I happened to eat at Enrico’s in San Francisco’s North Beach this week with some friends. Enrico’s has a fine history, from back in the beatnik era when folks didn’t care as much for money as they did for sex. People traveled, often to learn things. Banks paid decent interest on deposit and made loans for slightly more money instead of paying zilch for money then making a gambling game out of people’s mortgages to get rich fast or die. We didn’t vomit when folks mentioned regulation, it was part of what the government did to protect the people who owned it. The government I mean. Of, by and for. The people.

Anyway, back to Enricos. Decent food, decenter pizza. Then you come to the wine list. Pathetic. Least costly red out of a paltry list of maybe 8 reds set you back a whopping $38. This for crap wine. One interesting choice, but they were out of that one. Waiter says, “if you want a light wine I can recommend…”

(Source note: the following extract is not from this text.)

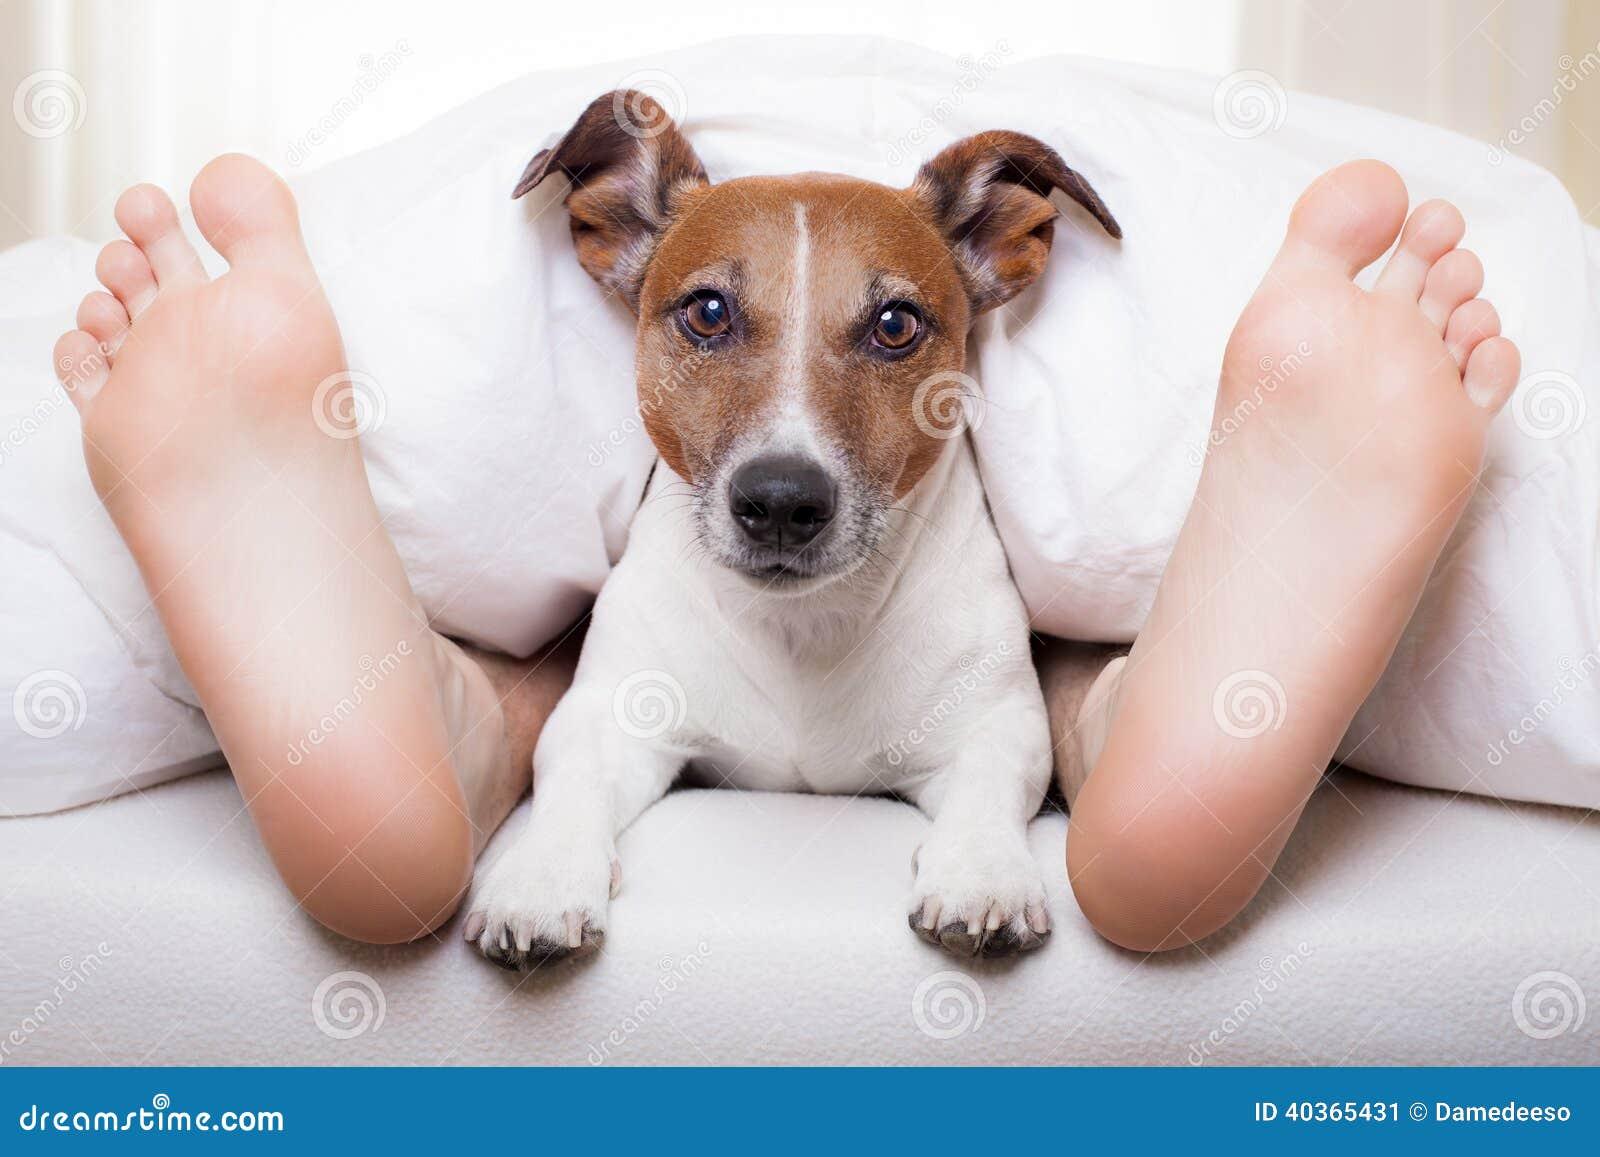 Dog Training Unlimited

Who wants a “light” anything? For $40 bucks I better get flavor that spills out my ears and bothers the other diners. Especially when that wine is on sale for 7 bucks at the liquor store.

My Italian neighbors make their own wine. They won’t drink the commercial stuff. It’s not even about cost. You can still get a bottle of decent plonk at the super for 1 Euro. They complain about headaches when they drink bottled stuff. They prefer their homemade wine. It’s not like it’s a compromise, like you need millions of dollars in temperature controlled stainless steel tanks to make wine. Wine makes itself. You crush. You wait. It ferments. That’s why it’s been around for thousands of years.

Anyway, to get to the title’s promise: if you are a couple contemplating a trip to Italy and you look at the miserable but better-than-it-was-a-while-ago exchange rate and say “gosh, hotels are expensive” then I will say to those of you who like to share a bottle of wine with dinner, “Go! You’ll make it all up on the wine prices!”

I’m always amazed at restaurant owners who always know were to get (or how to make) excellent wines. Ristorante da Remo in cute Monzone every year manages to come up with a 2 Euro per half liter red that is mighty yummy.

So really, come to Italy, rent a self-catering apartment or house or, for the less adventurous, a hotel and start saving money on your wine habit.

Unless you like overoaked Merlot. There’s a reason vanilla ends up in cookies and sweet rolls. It doesn’t belong in wine, which you’ll grasp once you try things the Italian way. You taste the grapes. Not a bad thing, really.